PROMPT: An exact copy of all the data below is needed, without its pictures.

[Opening DATA BLOCK section]

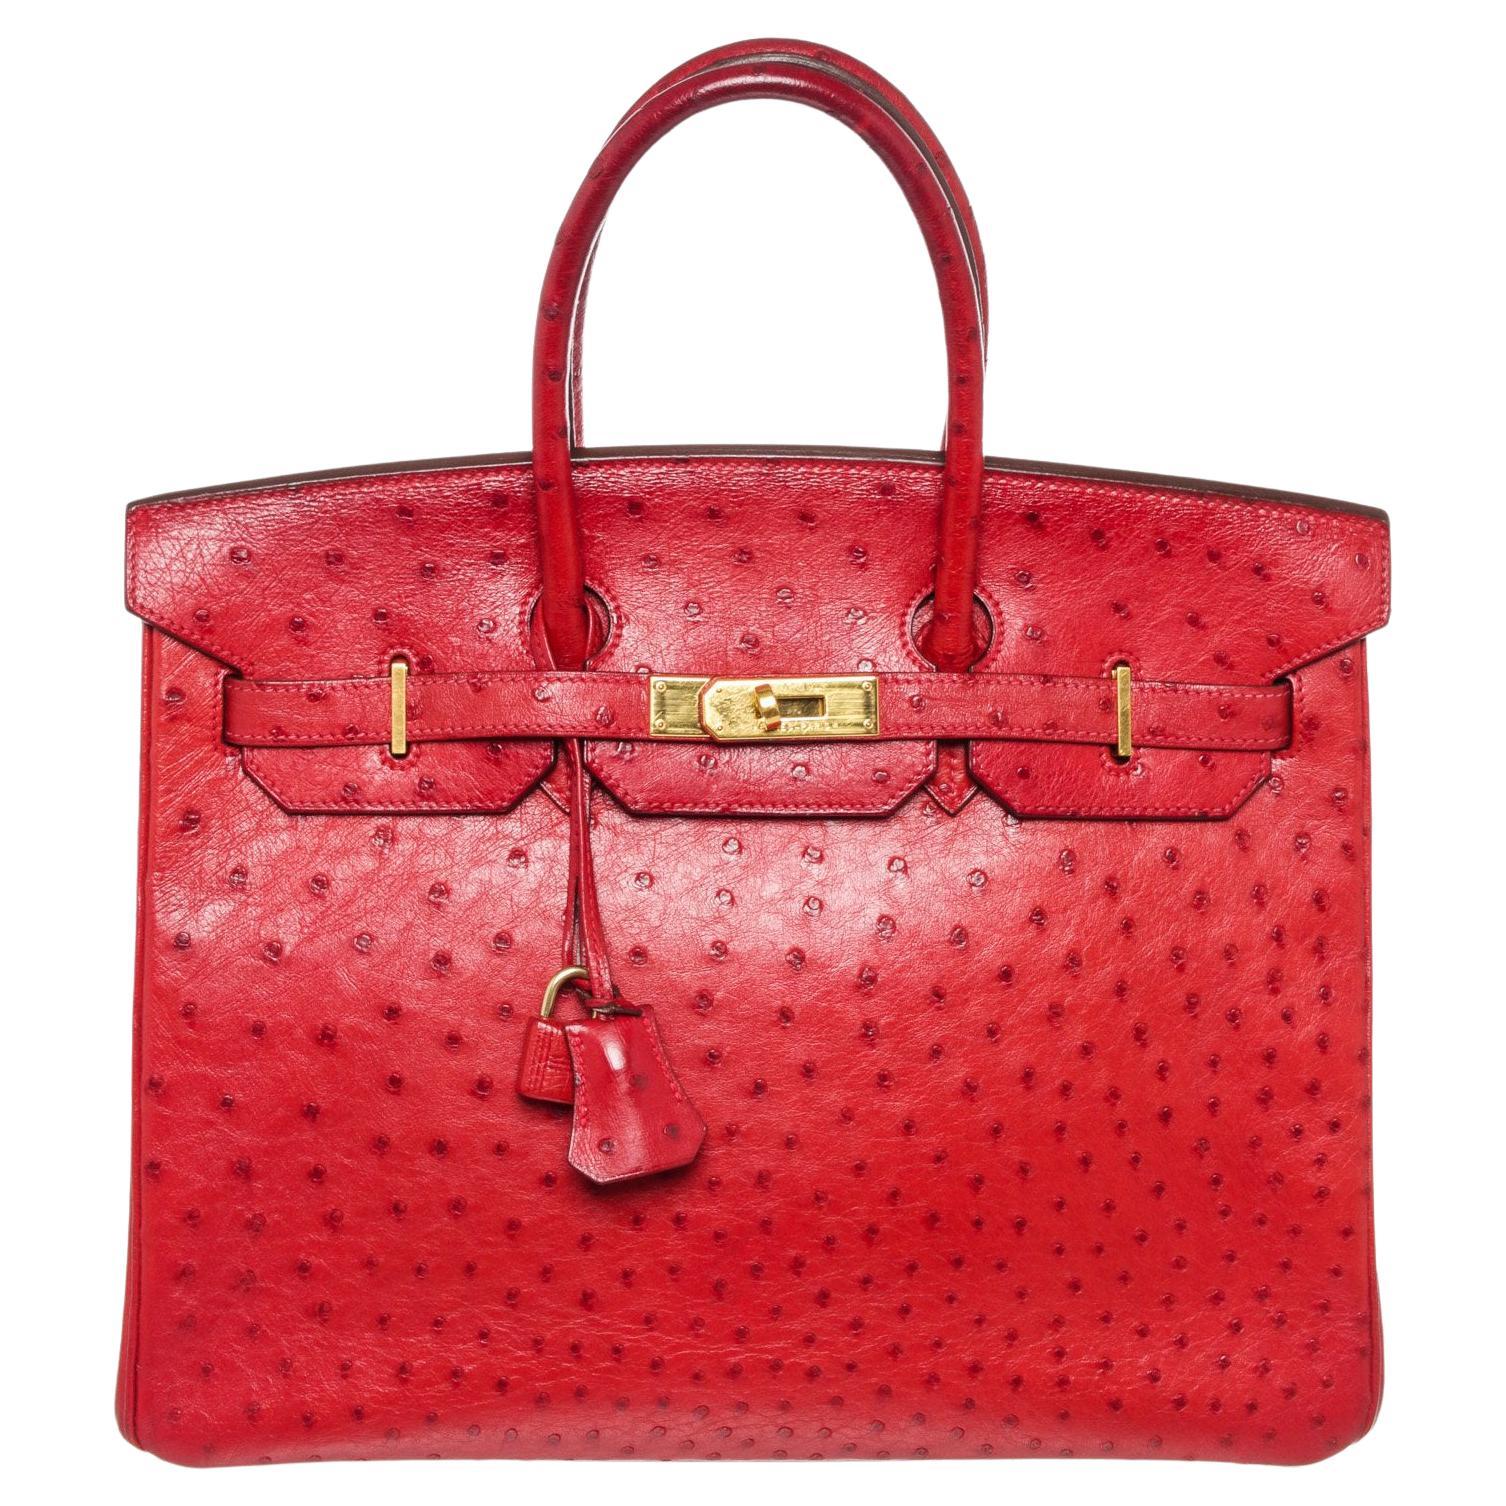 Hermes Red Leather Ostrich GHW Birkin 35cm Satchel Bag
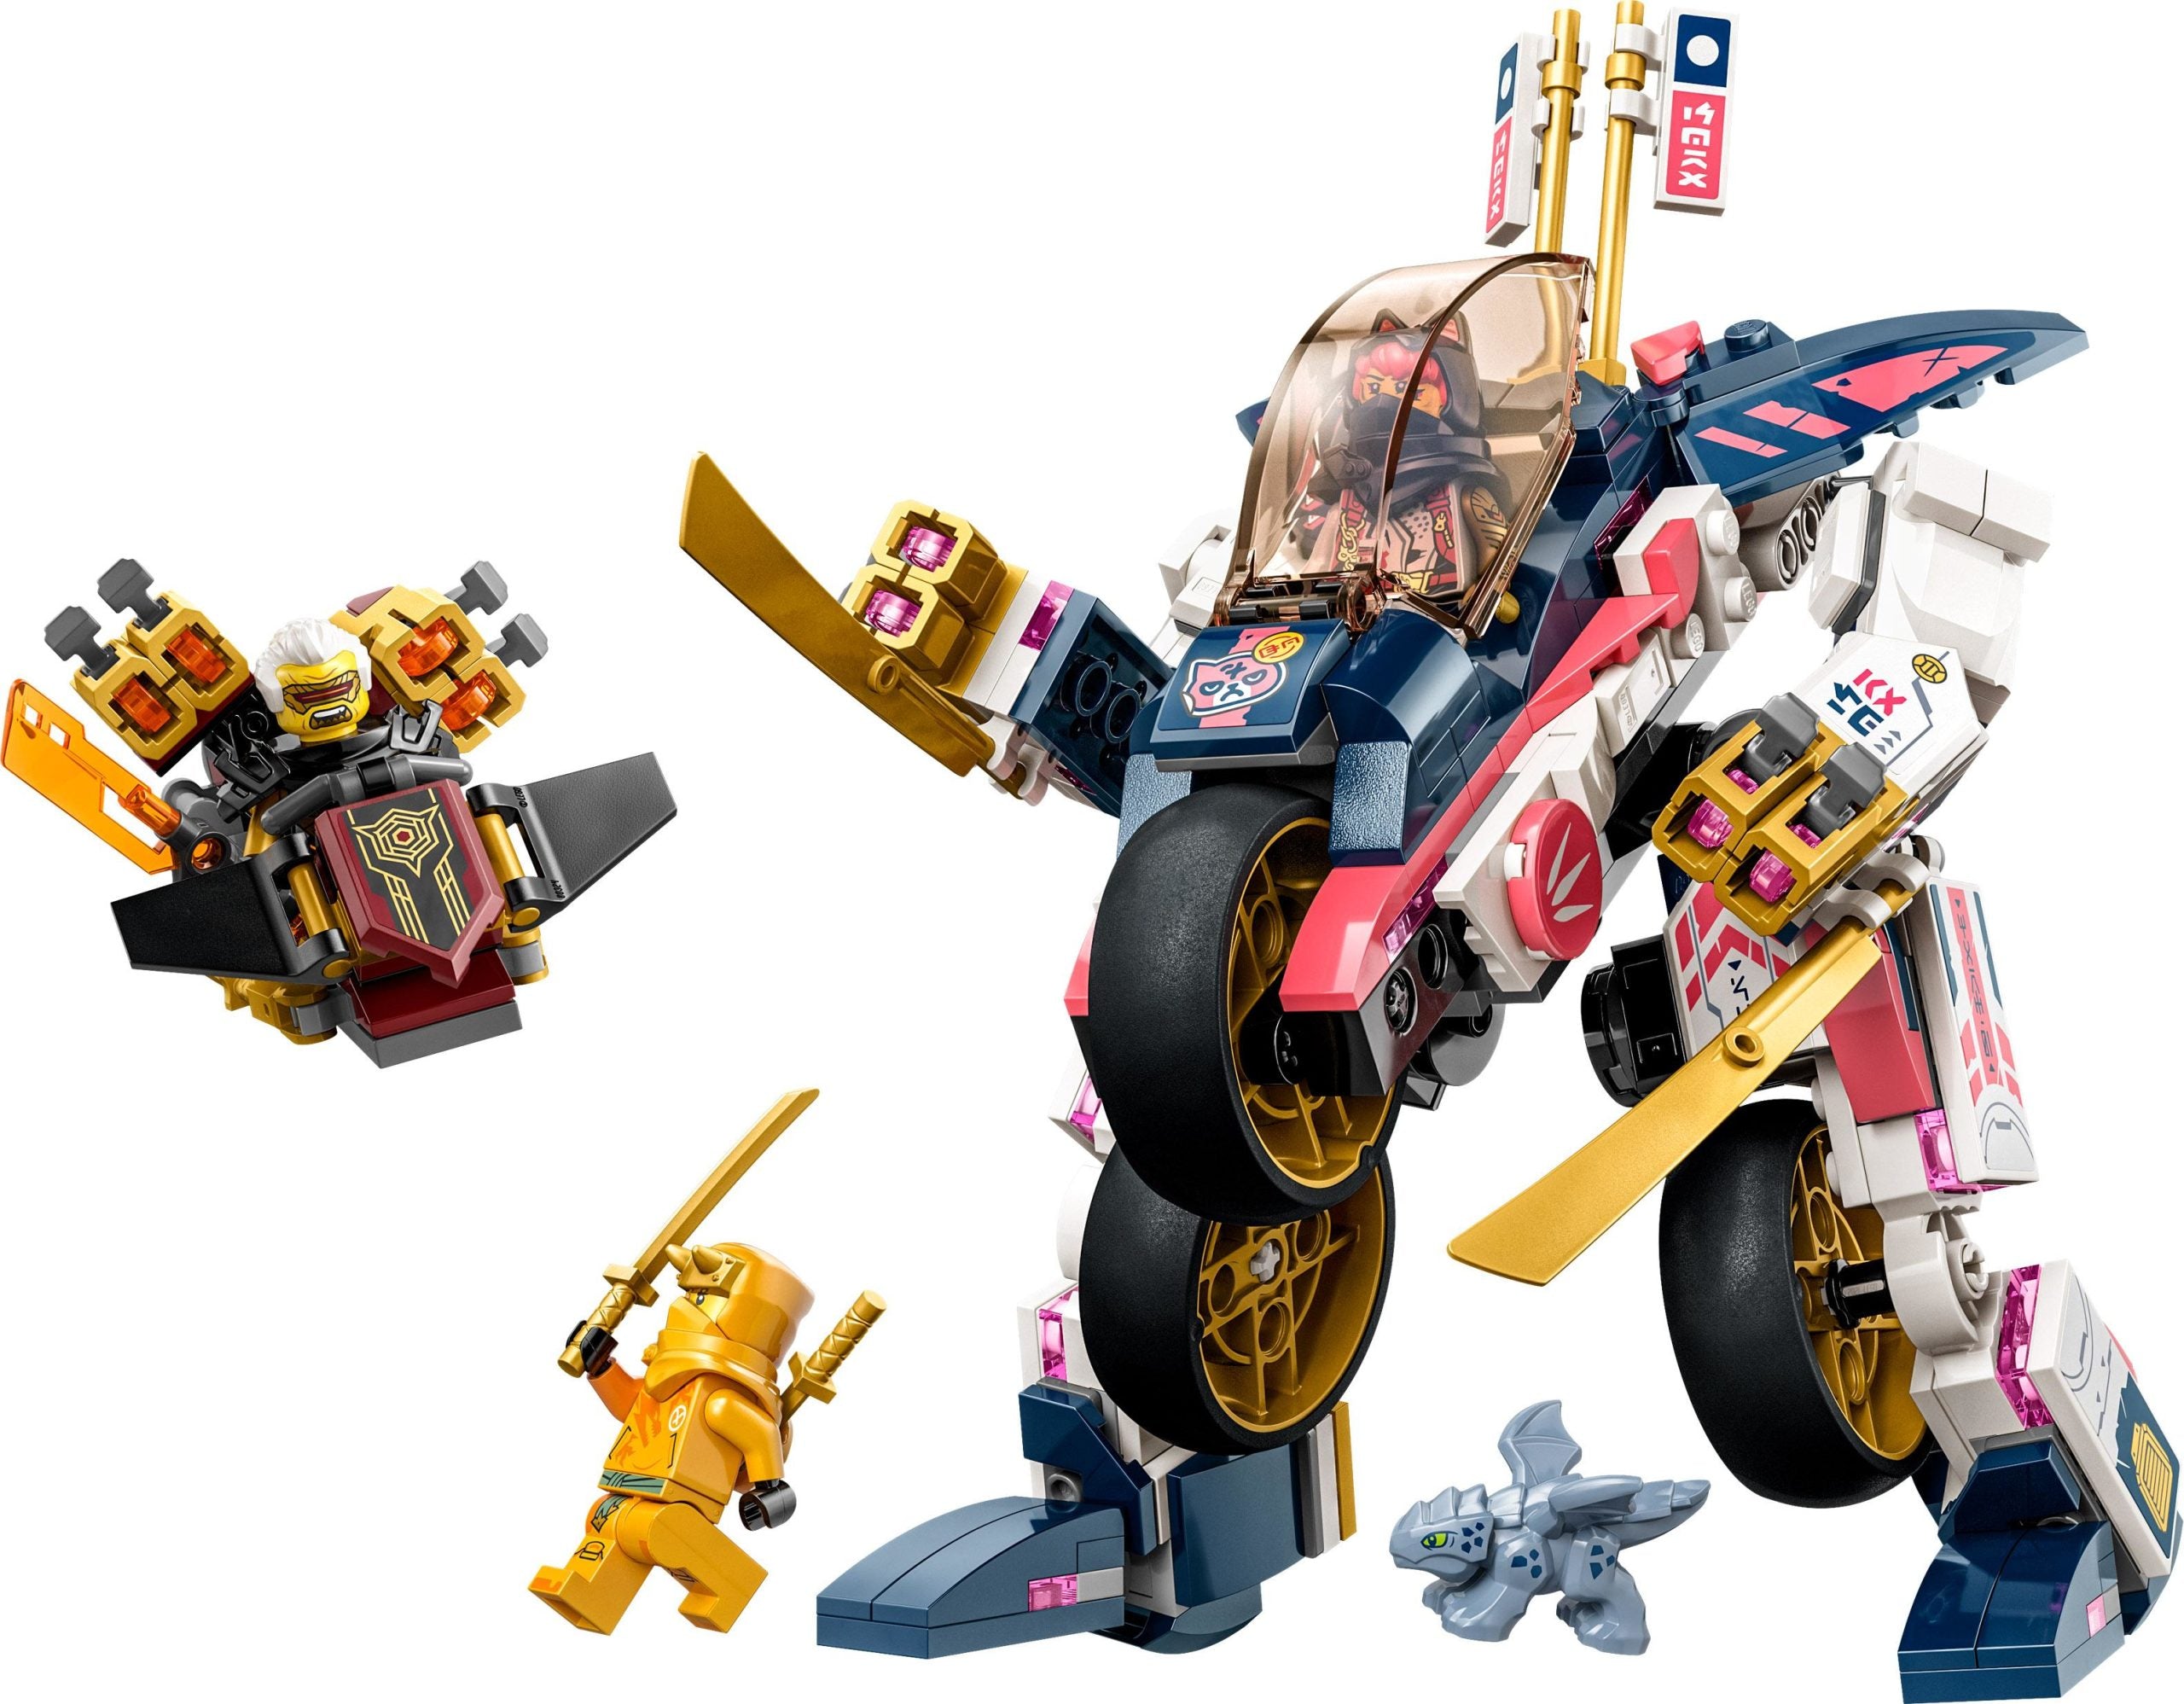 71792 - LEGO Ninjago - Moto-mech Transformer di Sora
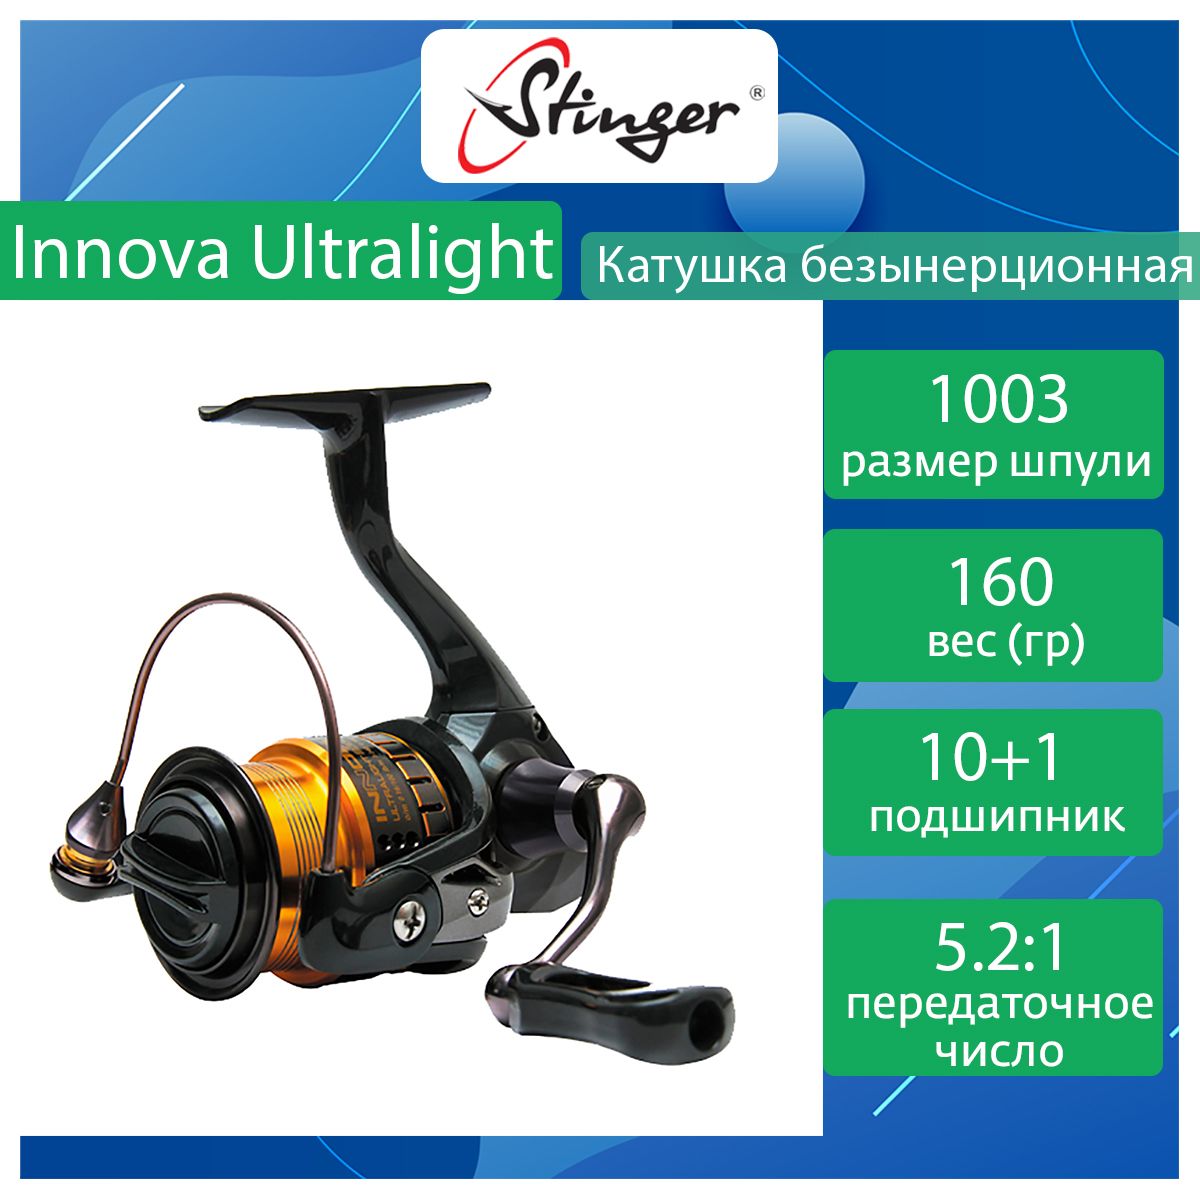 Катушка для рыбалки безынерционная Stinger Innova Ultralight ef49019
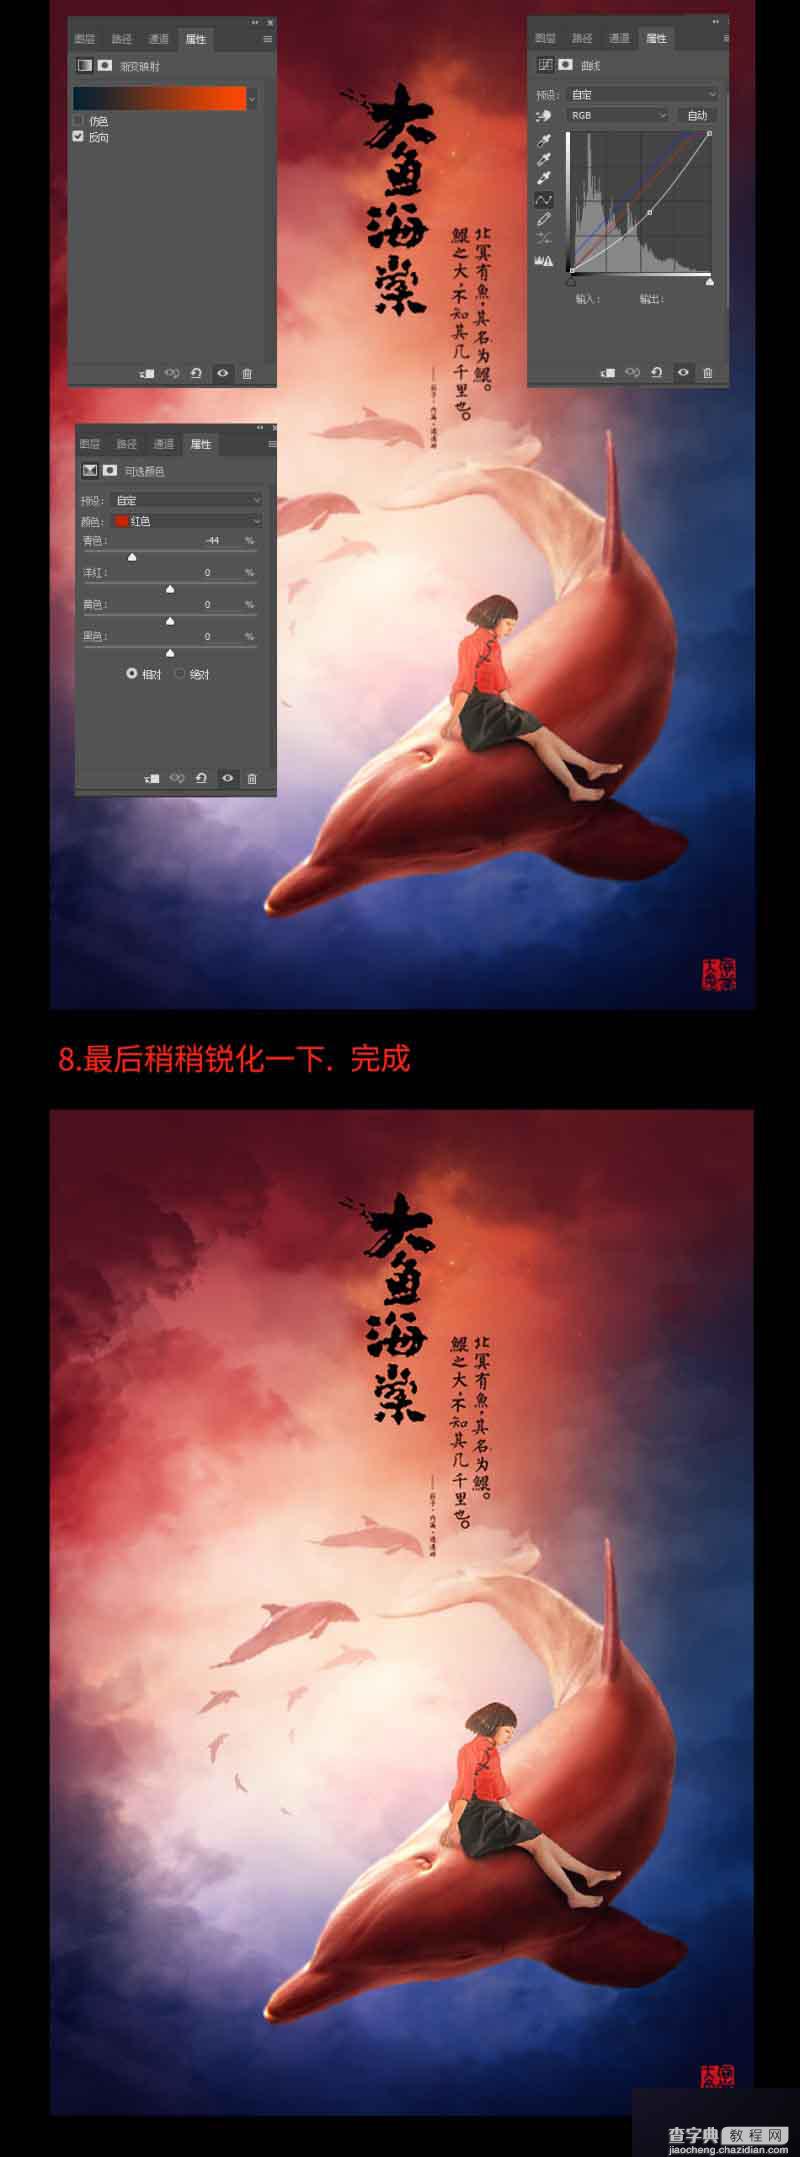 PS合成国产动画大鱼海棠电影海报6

[Closing DATA BLOCK section]

EXERCISE SOLUTION:
 Hermes Red Leather Ostrich GHW Birkin 35cm Satchel Bag
 71792 - LEGO Ninjago - Moto-mech Transformer di Sora
 Катушка для рыбалки безынерционная Stinger Innova Ultralight ef49019
 PS合成国产动画大鱼海棠电影海报6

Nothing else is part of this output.